Phase	Input	Process	Output
1	CSV + JSONL	Load, decode abstracts, clean	`laureates.parquet`, `awards.parquet`, `publications.parquet`, `institutions.parquet`
1.5	`publications.parquet`	Semantic Scholar API, OA PDFs	Updated `publications.parquet` with enriched abstracts/fulltext
2a	`publications.parquet`	OpenAlex API	Updated `publications.parquet` with concepts/topics/fields
2b	`publications.parquet` + `awards.parquet`	GPT-4o-mini LLM	`llm_extraction_raw.json`, `concepts.parquet`
3+4	All Parquet + concepts	NetworkX graph construction	`knowledge_graph.json`, `nodes.json`, `edges.json`, `.graphml`
5	`knowledge_graph.json`	Pyvis + Plotly	`network.html`, `timeline.html`, `heatmap.html`
6	`knowledge_graph.json`	Graph analysis algorithms	`insight_report.md`, `insight_report.json`

Storage Formats¶

flowchart LR
    RAW[Raw Data] -->|CSV/JSON| PARQUET[Parquet Files]
    PARQUET --> KG[Knowledge Graph]
    KG -->|JSON| JSON_OUT[knowledge_graph.json]
    KG -->|GraphML| GRAPHML[knowledge_graph.graphml]
    KG -->|Separate| NODES[nodes.json + edges.json]
    KG -->|HTML| VIZ[Interactive Visualizations]

Core Design Decisions¶

1. Tiered Concept Extraction Strategy¶

Not all 245K papers receive the same treatment.

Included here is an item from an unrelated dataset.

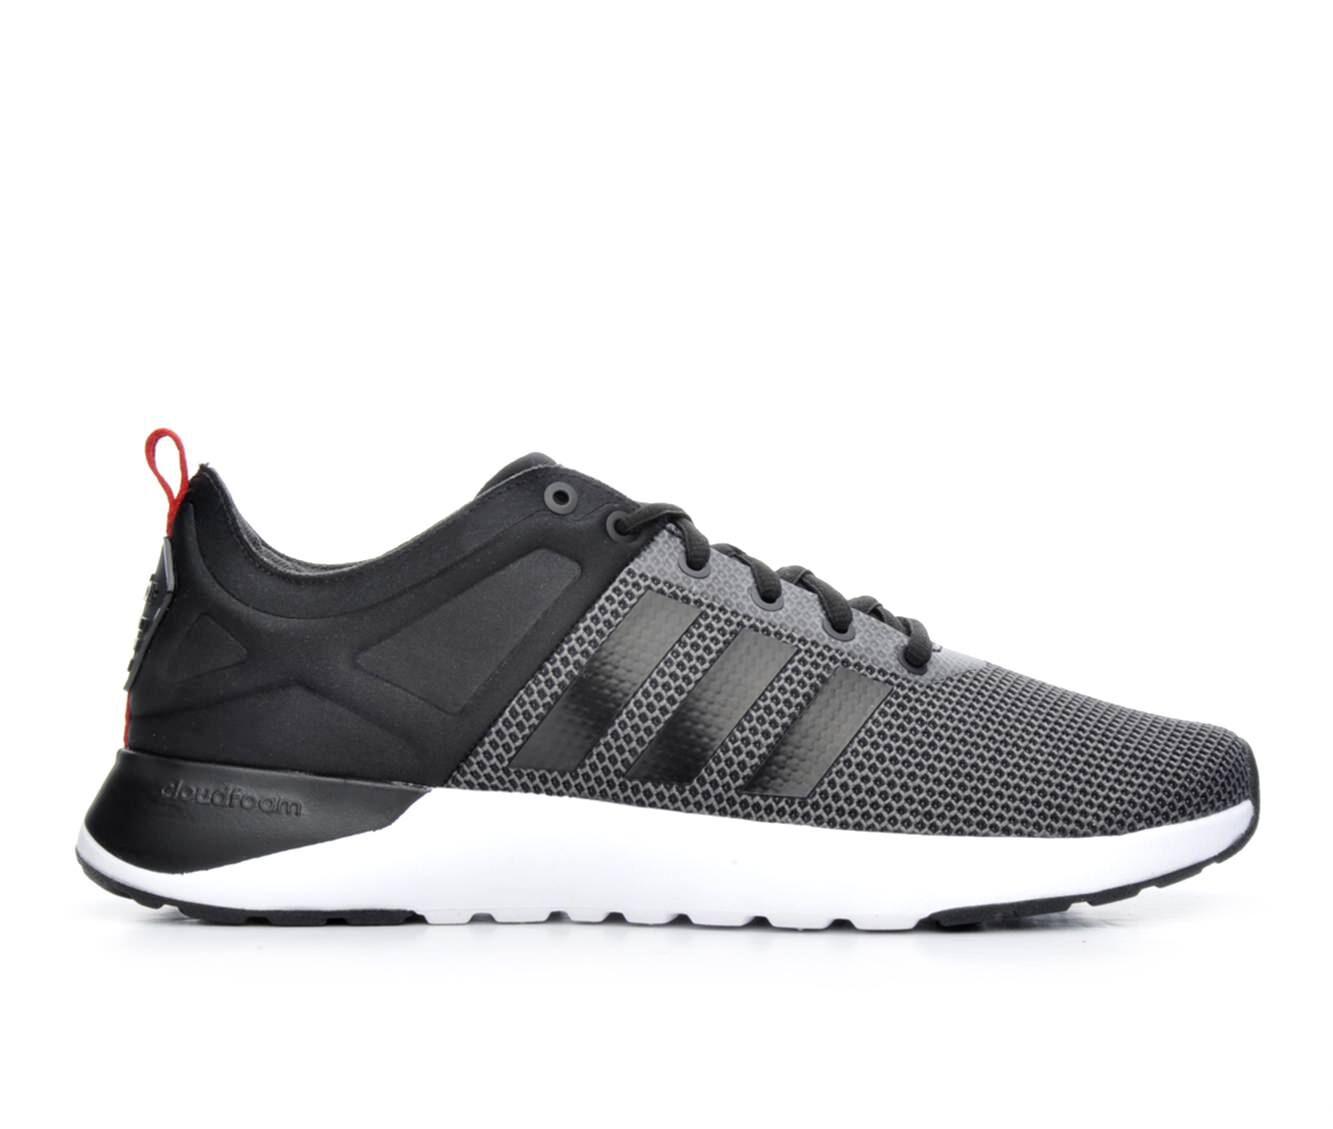 Men\u0026#39;s Adidas Cloudfoam Super Racer Running Shoes

The system uses a three-tier approach to balance cost and quality:

Tier	Papers	Method	Cost
Tier 1	~1,000 award-related + top-cited	LLM deep extraction	High
Tier 2	~30,000 highly-cited	Keywords + OpenAlex concepts	Medium
Tier 3	Remaining	Keyword-only coarse tagging	Low

2. Sample Mode for Development¶

The pipeline supports a sample mode that processes only 5 representative laureates. This enables rapid iteration without processing the full 2.3GB dataset.

3. Aggressive Caching¶

All external API calls (OpenAlex, Semantic Scholar, Unpaywall) are cached to JSON files:

output/openalex_cache/          # OpenAlex work data
output/openalex_cache/fulltext/ # Full text from various sources
output/openalex_cache/semantic_scholar/  # S2 API responses
output/openalex_cache/unpaywall/         # Unpaywall OA links

4. Streaming Large Files¶

The 2.3GB publication_records.json is processed as line-delimited JSON (JSONL) with streaming reads, avoiding full file loading into memory.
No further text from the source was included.